Lysosomal Acid Lipase (LAL) deficiency is a very rare lysosomal storage disease (LSD) characterized by a failure to breakdown cholesteryl esters (CE) and triglycerides (TAG) in lysosomes due to a deficiency of the enzyme. LAL deficiency resembles other lysosomal storage disorders with the accumulation of substrate in a number of tissues and cell types. In LAL deficiency substrate accumulation is most marked in cells of the reticuloendothelial system including Kupffer cells in the liver, histiocytes in the spleen and in the lamina propria of the small intestine. Reticuloendothelial cells express the macrophage mannose/N-acetylglucos amine receptor (also known as macrophage mannose receptor or MMR, CD206), which mediates binding, cell uptake and lysosomal internalization of proteins with GlcNAc or mannose terminated N-glycans, and provides a pathway for the potential correction of the enzyme deficiency in these key cell types.
LAL deficiency is a multi-system disease that most commonly manifests with gastrointestinal, liver and cardiovascular complications and is associated with significant morbidity and mortality. The clinical effects of LAL deficiency are due to a massive accumulation of lipid material in the lysosomes in a number of tissues and a profound disturbance in cholesterol and lipid homeostatic mechanisms, including substantial increases in hepatic cholesterol synthesis. LAL deficiency presents of at least two phenotypes, Wolman Disease (WD) and Cholesteryl Ester Storage Disease (CESD).
Wolman Disease is the most aggressive presentation of LAL deficiency. This phenotype is characterized by gastrointestinal and hepatic manifestations including growth failure, malabsorption, steatorrhea, profound weight loss and hepatomegaly. Wolman Disease is rapidly progressive and fatal usually within the first year of life. Case report review indicates survival beyond 12 months of age is highly unusual for patients who present with growth failure due to LAL deficiency in the first year of life. In this most aggressive form, growth failure is the predominant clinical feature and is a key contributor to the early mortality. Hepatic involvement as evidenced by liver enlargement and elevation of transaminases is also common in infants. Physical findings include abdominal distention with hepatomegaly and splenomegaly, and radiographic examination often reveals calcification of the adrenal glands. Laboratory evaluations typically reveal elevated levels of serum transaminases and absent or markedly reduced LAL enzyme activity. Elevated blood levels of cholesterol and triglycerides are also seen in patients.

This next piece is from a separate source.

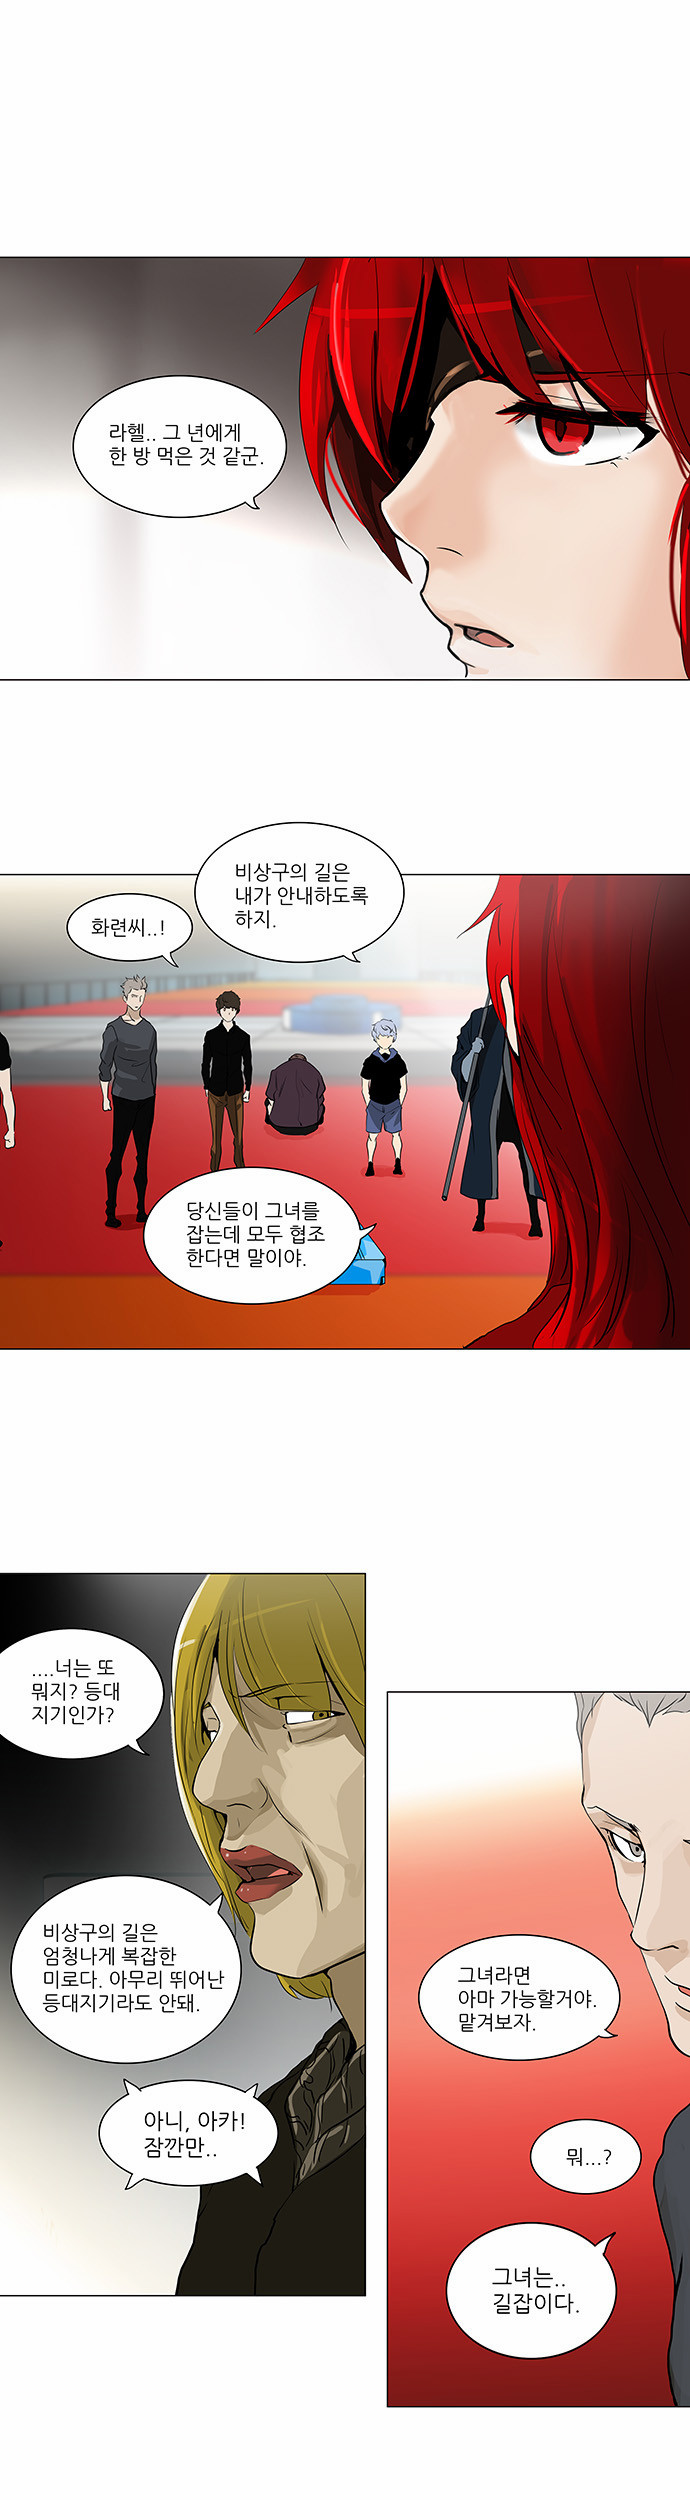 Tower of God - Chapter 215 - Page 1

Current treatment options for Wolman Disease are extremely limited. Antibiotics are administered to infants with pyrexia and/or evidence of infection. Steroid replacement therapy for adrenal insufficiency and specialized nutritional support may be prescribed and while there is no evidence that these interventions prevents death, it is also unclear at present if they have an impact on short term survival. In a series of four patients with LAL deficiency treated with bone marrow transplantation, all four patients died due to complications of the procedure within months of transplantation.
Patients with LAL deficiency can also present later in life with predominant liver and cardiovascular involvement and this is often called Cholesteryl Ester Storage Disease (CESD). In CESD, the liver is severely affected with marked hepatomegaly, hepatocyte necrosis, elevation of transaminases, cirrhosis and fibrosis. Due to the increased levels of CE and TG, hyperlipidemia and accelerated atherosclerosis are also seen in LAL deficiency. Particularly, an accumulation of fatty deposits on the artery walls is described early in life. The deposits narrow the arterial lumen and can lead to vessel occlusion increasing the risk of significant cardiovascular events including myocardial infarction and strokes. The presentation of CESD is highly variable with some patients going undiagnosed until complications manifest in late adulthood, while others can have liver dysfunction presenting in early childhood. CESD is associated with shortened lifespan and significant ill health; the life expectancy of those with CESD depends on the severity of the associated complications.
Current treatment options for the CESD phenotype are focused on controlling lipid accumulation through diet that excludes foods rich in cholesterol and triglycerides and suppression of cholesterol synthesis and apolipoprotein B production through administration of cholesterol lowering drugs. Although some clinical improvement may be seen, the underlying disease manifestations persist and disease progression still occurs.
In most cases, therapy for LAL deficiencies requires life-long treatment. In addition, due to the high cost of protein therapeutics, it is desirable to administer a minimum effective amount of therapeutic to treat LAL deficiency. However, to date, there is no effective therapy for treating LAL deficiency, particularly the patients suffering from Wolman Disease and CESD. Therefore, there is a strong need for an effective therapy with a minimized frequency of administration in order to improve the quality of life for patients. There is also a need for a high expressing and robust protein production platform which can produce LAL proteins that are stable and efficiently targeted to the lysosomal compartment in the affected tissue cells in patients.